NVIDIA GPU and CUDA version Details:
CUDA 11.8
NIVIDA driver 520.xxx

GPU-Jupyter Version:
v1.6_cuda-11.8_ubuntu-22.04

Thanks in advance.

Darren Reid · Answer 1 · Sun Feb 25 2024 06:59:55 GMT+0800 (China Standard Time)

If you add the environment variable TORCH_CUDA_ARCH_LIST I have been able to get it to load correctly. Eg,

version: "3.8"
services:
  gpu-jupyter:
    container_name: gpu-jupyter
    build: .build
    deploy:
      resources:
        reservations:
          devices:
            - capabilities:
              - gpu
    # # Set hardware limits: one GPU, max. 48GB RAM, max. 31 GPUs
    # deploy:
    #   resources:
    #     reservations:
    #       devices:
    #         - driver: nvidia
    #           capabilities: [gpu]
    #           device_ids: ["0"]  # select one GPU
    #     limits:
    #       cpus: "31.0"
    #       memory: 48g
    ports:
      - 10000:8888
    volumes:
      - ./data:/home/jovyan/work
    environment:
      GRANT_SUDO: "yes"
      JUPYTER_ENABLE_LAB: "yes"
      NB_UID: ${JUPYTER_UID:-1000}
      NB_GID: ${JUPYTER_GID:-1000}
      JUPYTER_TOKEN: ${JUPYTER_TOKEN}
      TORCH_CUDA_ARCH_LIST: 8.6
    # enable sudo permissions
    user:
      "root"
    restart: always

Hope that helps.

Christoph · Answer 2 · Thu Feb 29 2024 23:00:40 GMT+0800 (China Standard Time)

Hi,
The problems origins from the torch installation routine that was suggested at the time. It updates the CUDA version and corrupts the installation. Now, pytorch suggests an installation with fixed cuda version (again) and I changed it in this commit: 2ac3181

It wonders me that it occurs now for this image, as it worked in the tests. Is this error fixed if you build the image based on the repository? If yes, I'll update the image tag.
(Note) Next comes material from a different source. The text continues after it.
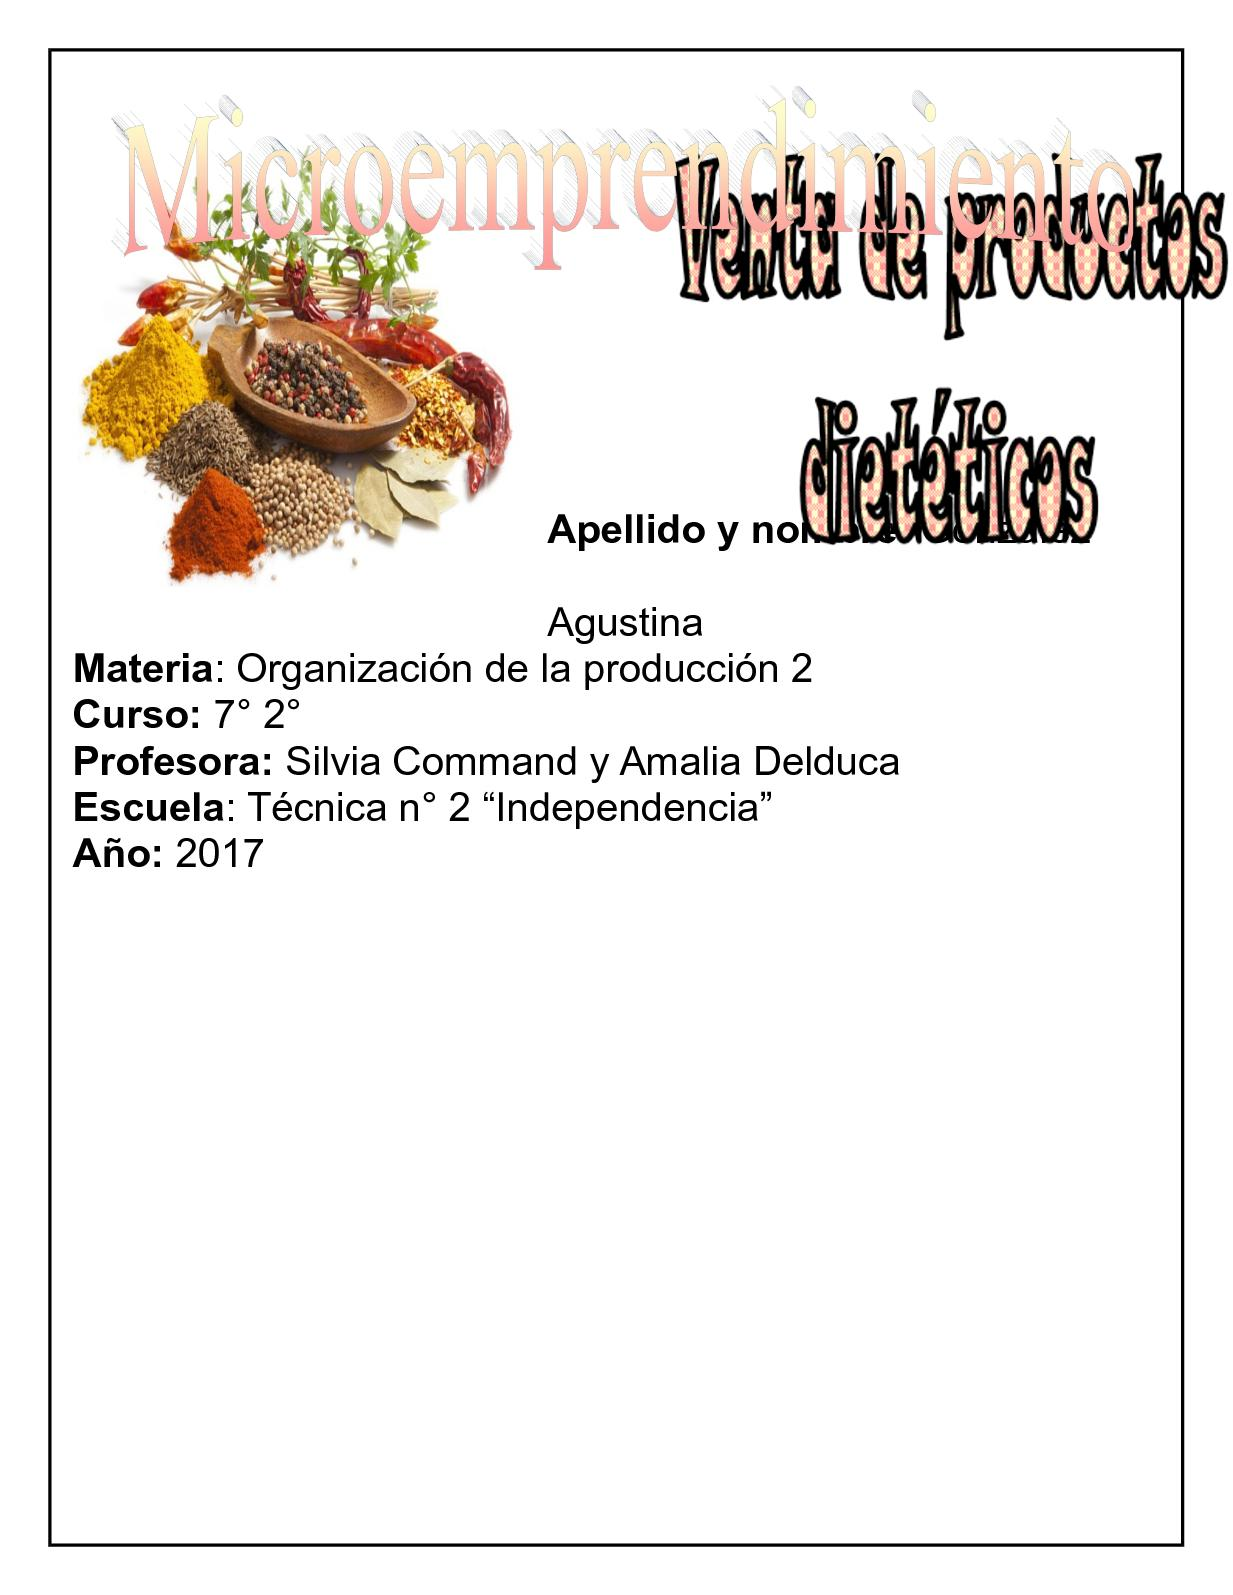 Calaméo - Trabajo Practico Microemprendimiento Agustina Gonzalez
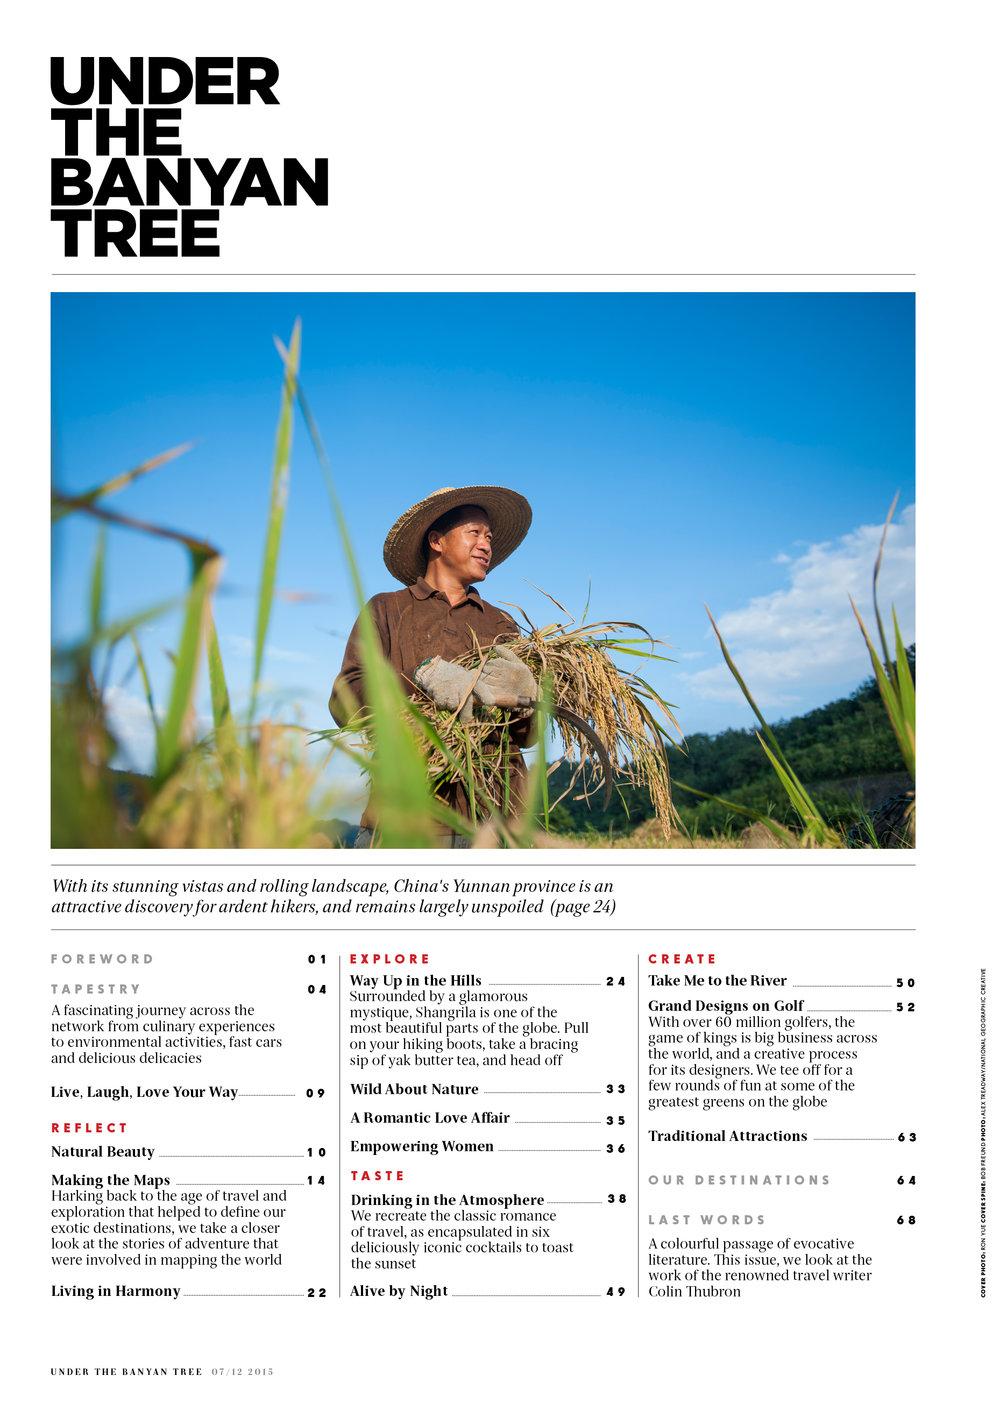 Under the Banyan Tree Magazine

@Layoric Thanks for the quick fix! As the origin is a corrupted cuda installation, I'll fix the origin.

Christoph · Answer 3 · Thu Mar 21 2024 18:06:43 GMT+0800 (China Standard Time)

The commit 9982802 should provide a clear solution for this problem in version v1.6_cuda-11.8_ubuntu-22.04. For the pip install of Pytorch, the index-url is pinned for CUDA 11.8.

Please re-open if the issue still occurs.